Supreme Court NCAA Ruling Sets a Precedent For Greater Recognition of Student-Athlete Labor

Today’s ruling by the Supreme Court (National Collegiate Athletic Association v. Alston) while a narrowly constructed holding, will have far-reaching effects on the relationship between student-athletes and the NCAA. Previously, under NCAA rules, colleges could only offer scholarship money up to the full cost of attendance. They couldn’t offer anything more, because to do so would complicate their status as an amateur athlete according to the NCAA.

The Supreme Court declined to see it that way. Essentially, the previous NCAA rules meant that each school could only offer up to the full cost of attendance, evening the playing field for all the schools, thus decreasing competition and, according to the student-athletes, violating antitrust laws. In his concurrent opinion, Justice Kavanaugh referred to the NCAA as “price-fixing,” a clear nod to the underlying feelings of at least some on the bench and a glimpse into how the Court might rule on subsequent issues against the NCAA in the future.

The Plaintiffs specifically alleged that the NCAA violated §1 of the Sherman Act which “prohibits “contract[s], combination[s] or conspirac[ies] in restraint of trade of commerce.” 15 U.S. C. §1. As there was no material dispute of fact, the question before the Court was whether the rules were a violation of the Sherman Act as interpreted by the district court and whether the district court applied the correct scrutiny and review to their analysis of the NCAA rules as it applied to antitrust laws.

In his opinion, Justice Gorsuch highlighted the way that these “amateur” athletes are a large revenue source for the school, raising billions of dollars in ticket sales, television contracts and merchandise, alumni donations, and of course increased attention and attraction of prospective students and families. In the original bench trial, the district court upheld some of the NCAA rules limiting athletic scholarship and compensation related to athletic performance but struck down the NCAA limits on educational benefits.
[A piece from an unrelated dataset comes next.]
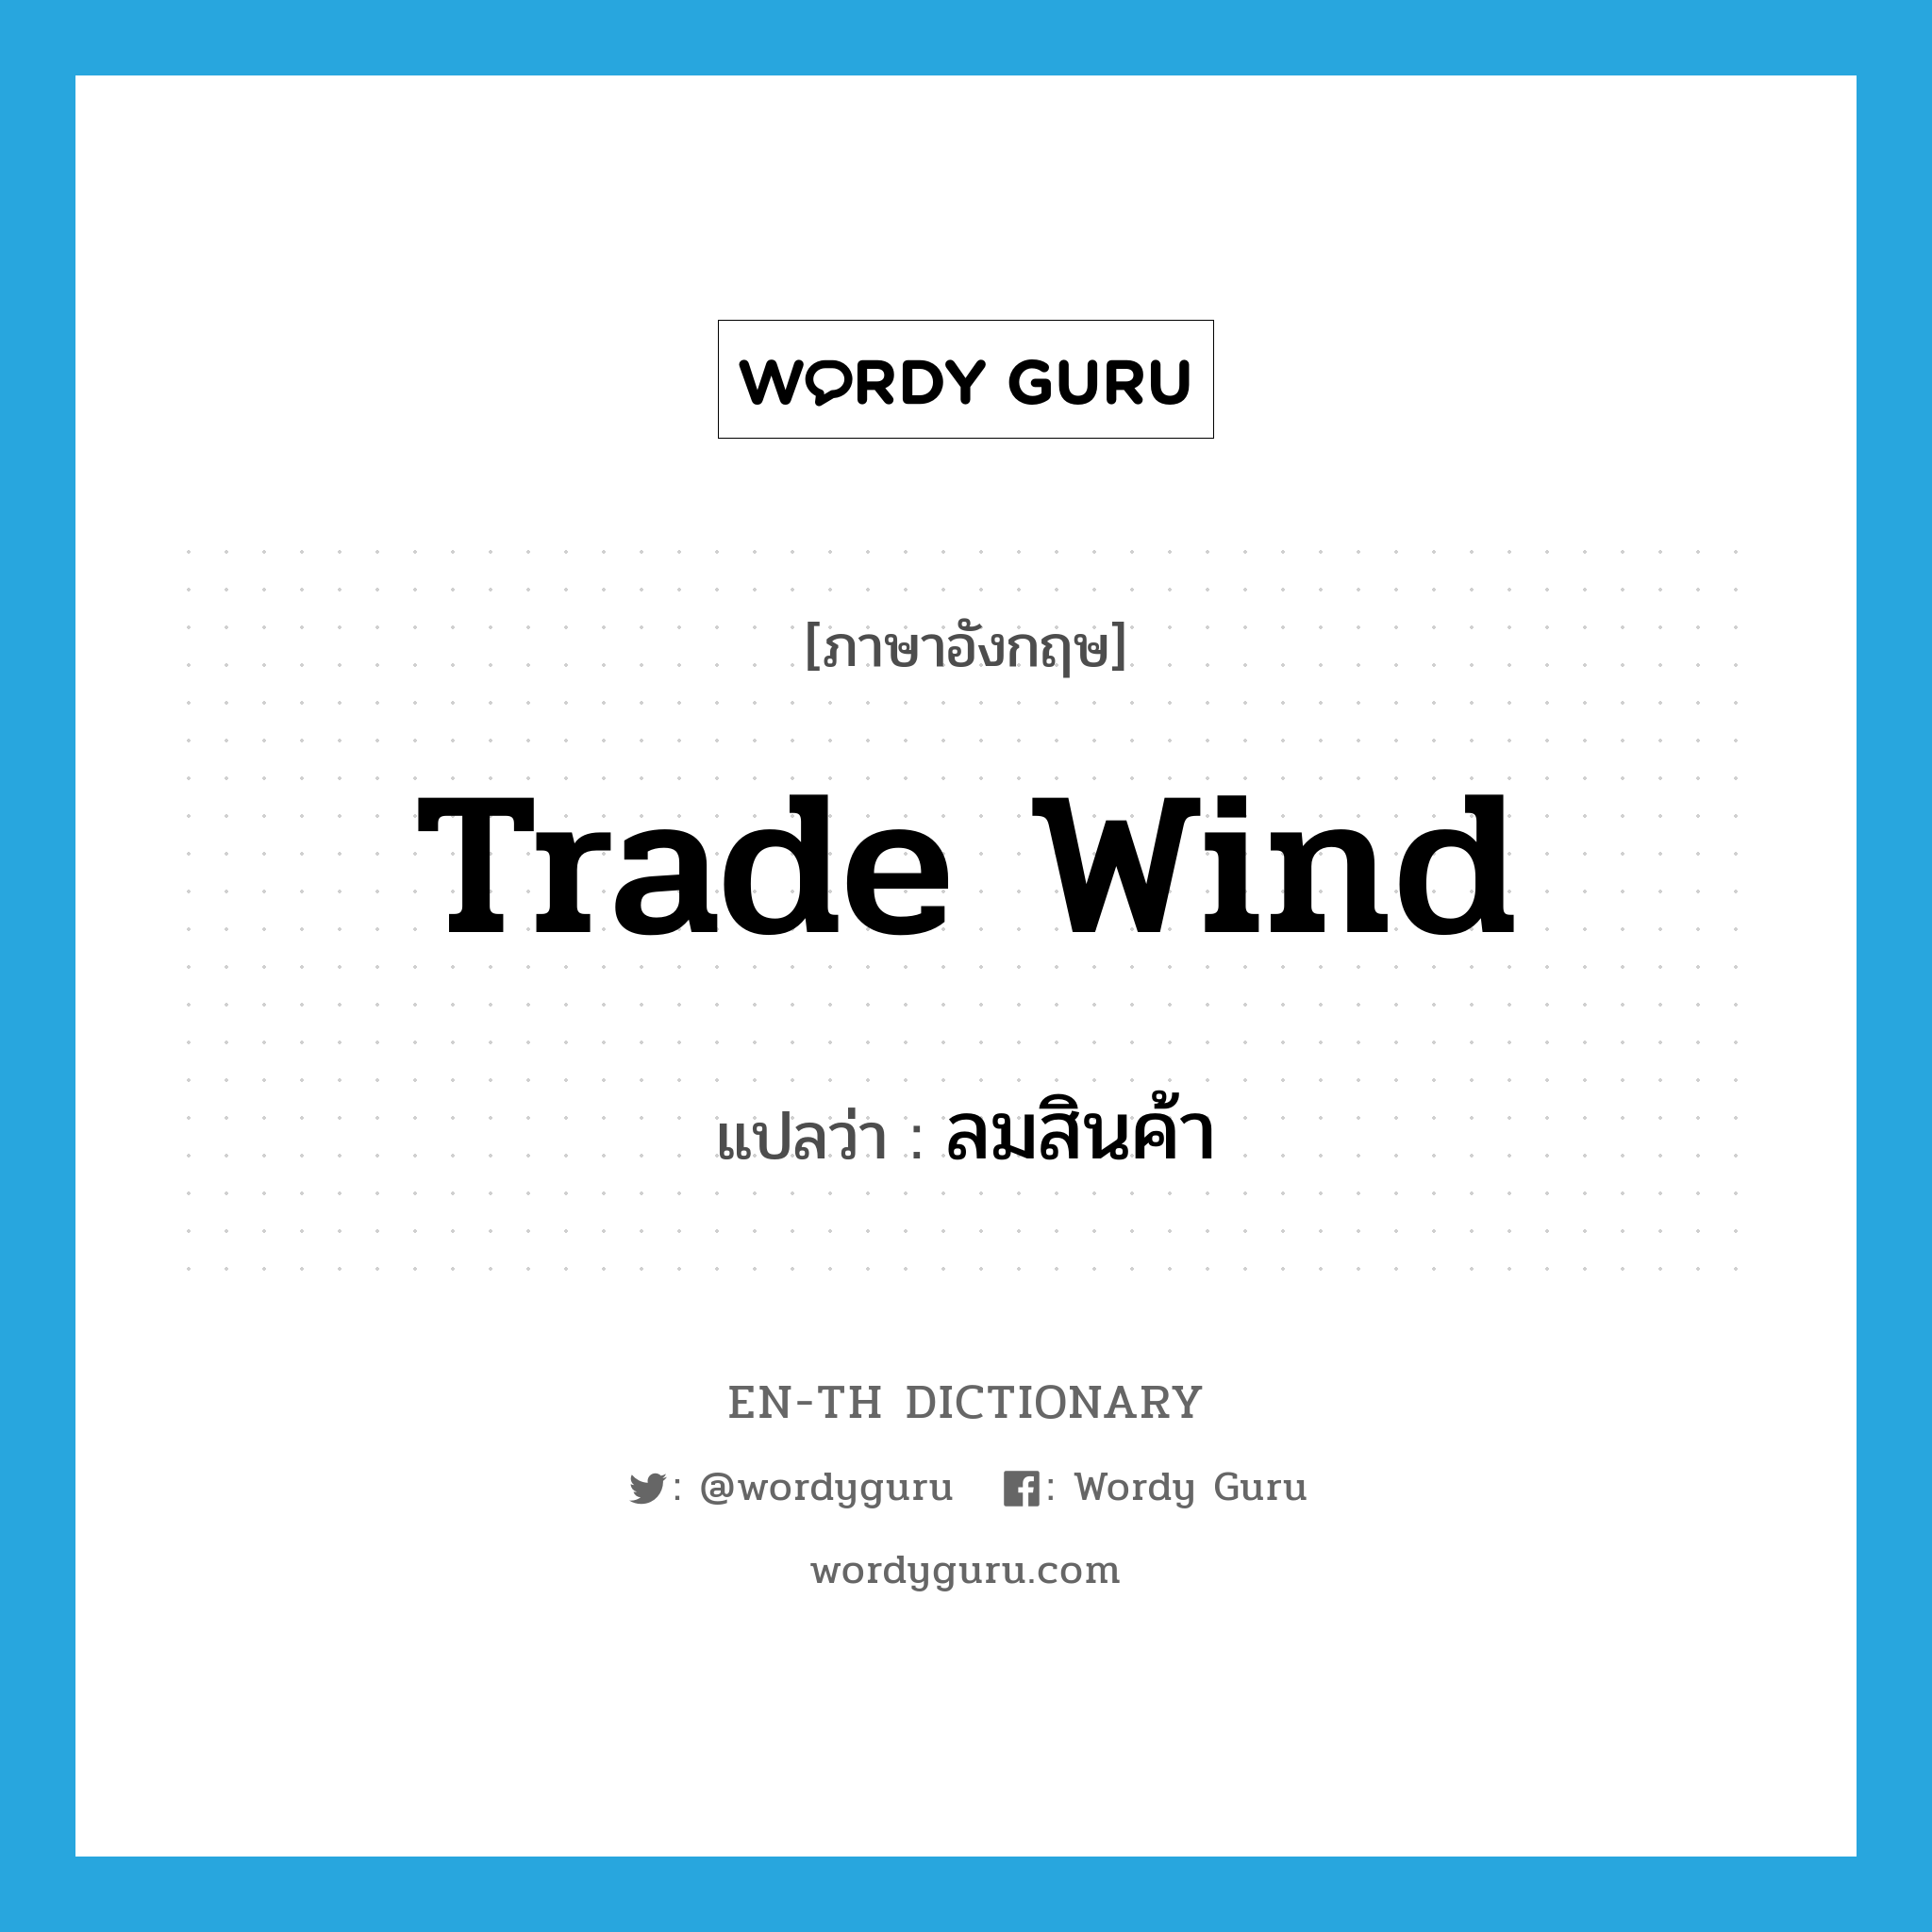 trade wind แปลว่า?, คำศัพท์ภาษาอังกฤษ trade wind แปลว่า ลมสินค้า ประเภท N หมวด N

On appeal to the Supreme Court, however, the student-athletes declined to continue to challenge the ruling on the scholarships tied to athletic performance, and thus the Supreme Court looked at the very narrow issue of the NCAA restriction on educational benefits to student-athletes. 
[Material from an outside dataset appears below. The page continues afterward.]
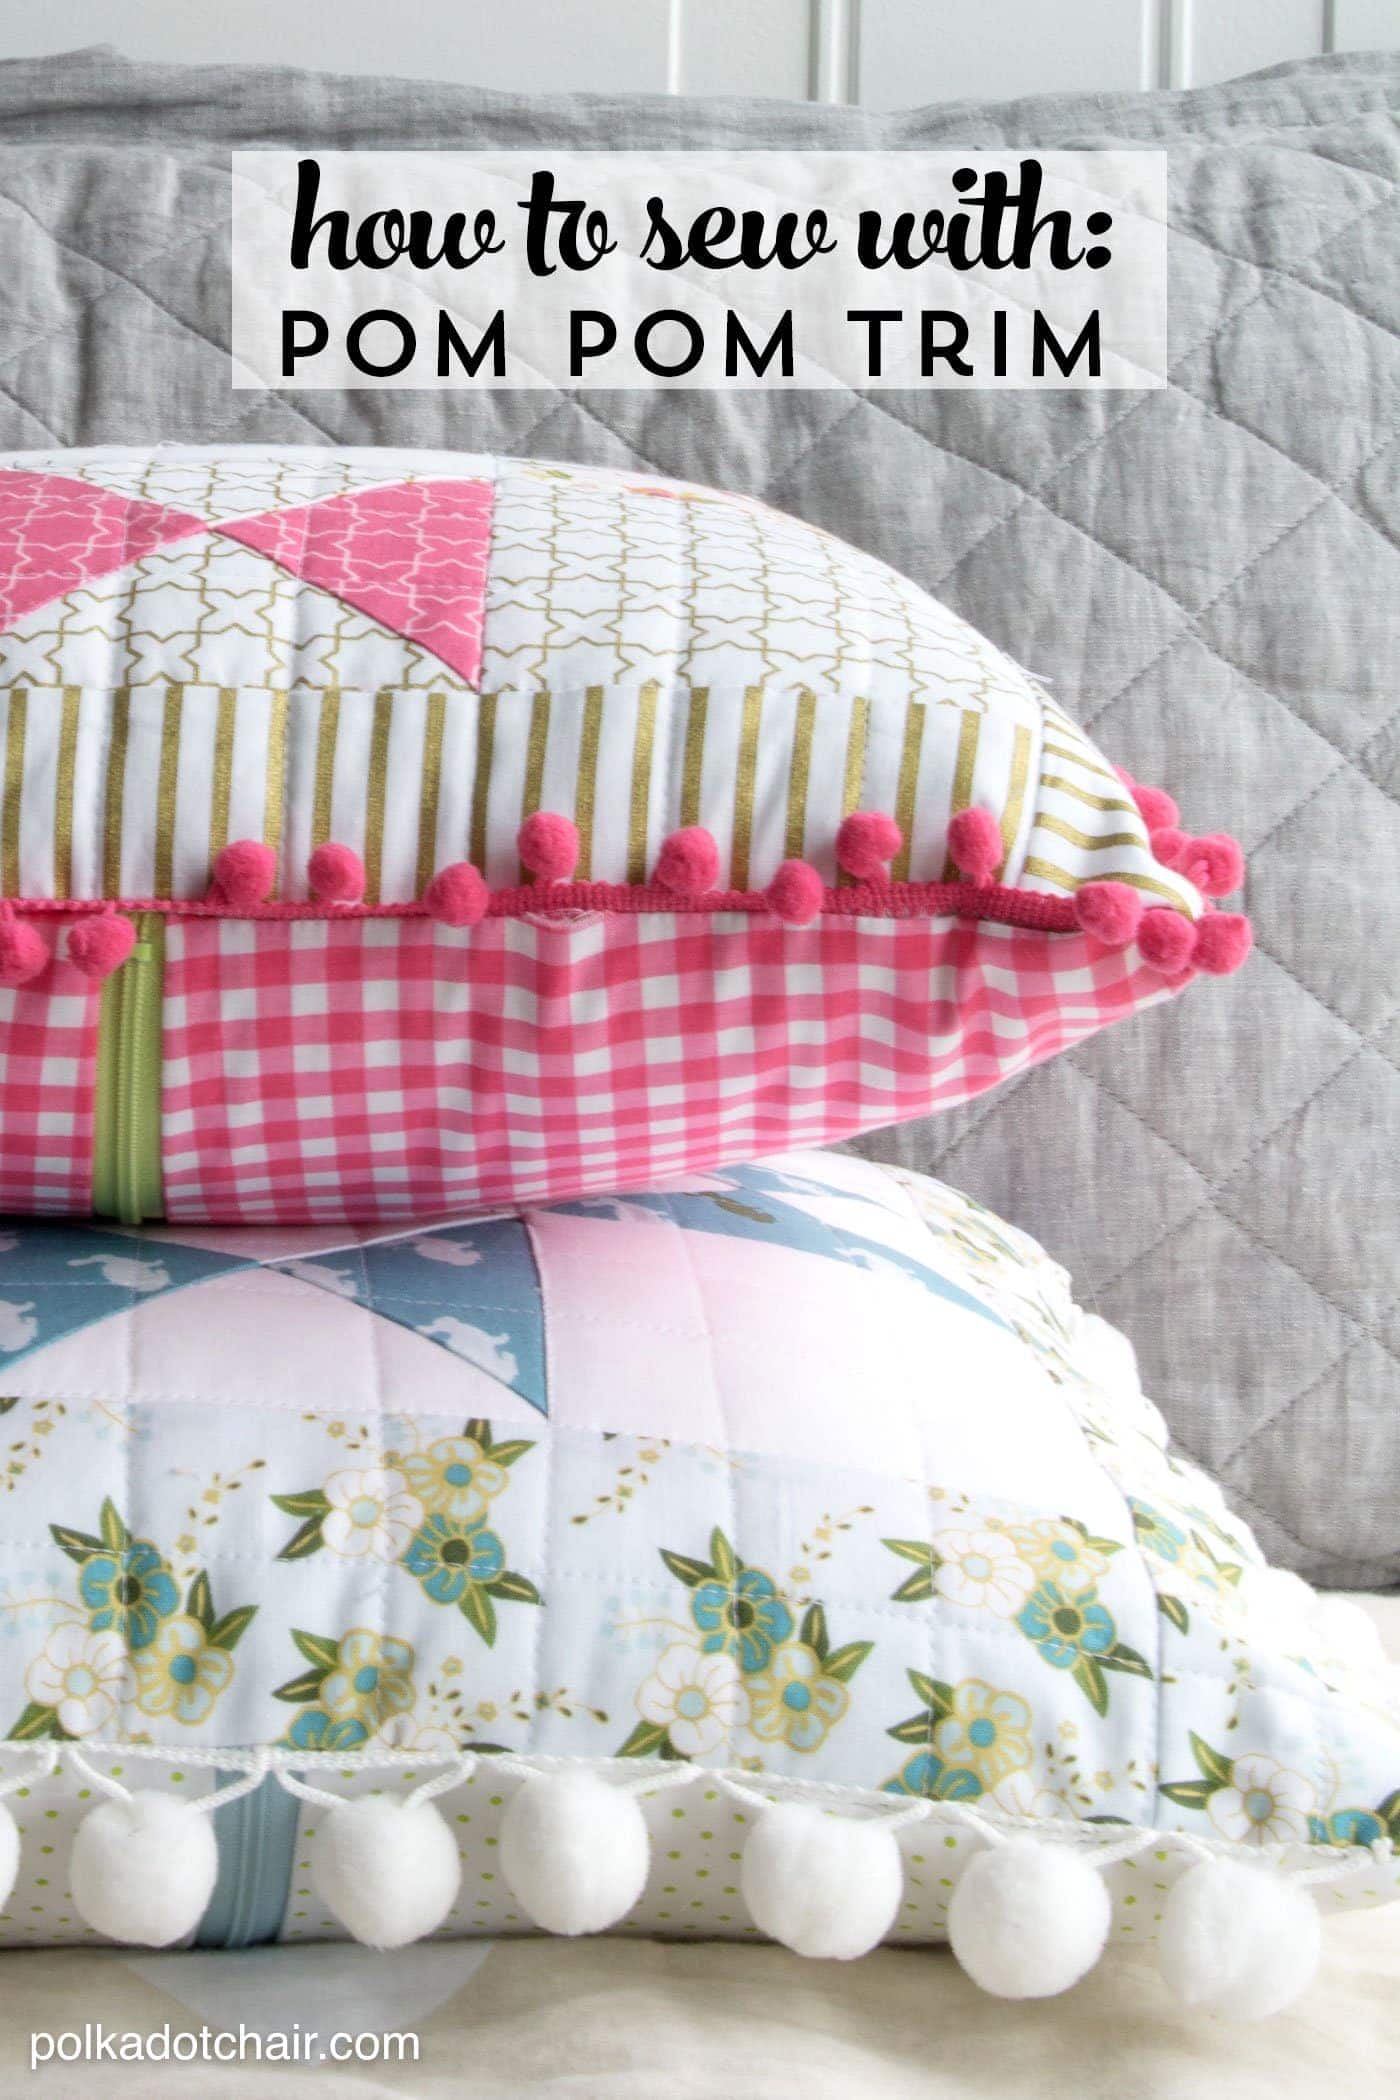 How to Sew Pom Pom Trim - The Polka Dot Chair

In their unanimous ruling today, the Supreme Court ruled that “NCAA limits on the education-related benefits that colleges can offer athletes who play Division I basketball and football can’t be enforced.” The Court ruled that after careful analysis it finds that relaxing the NCAA restrictions would “not blur the distinction between college and professional sports” and therefore would not entice students to play professional sports instead of becoming a student-athlete. The NCAA cited concerns that the restrictions would limit the supply of student-athletes and that the blurred professional lines would diminish the sports fans’ demand for student-athlete performances like March Madness. However, the Court ruled that reducing the restrictions would create a significantly less restrictive means of “achieving the same procompetitive benefits” as the NCAA’s previous rules. The court rejected the argument that further compensating student-athletes would make them seem more like professional athletes in the eyes of sports fans thus decreasing their appeal.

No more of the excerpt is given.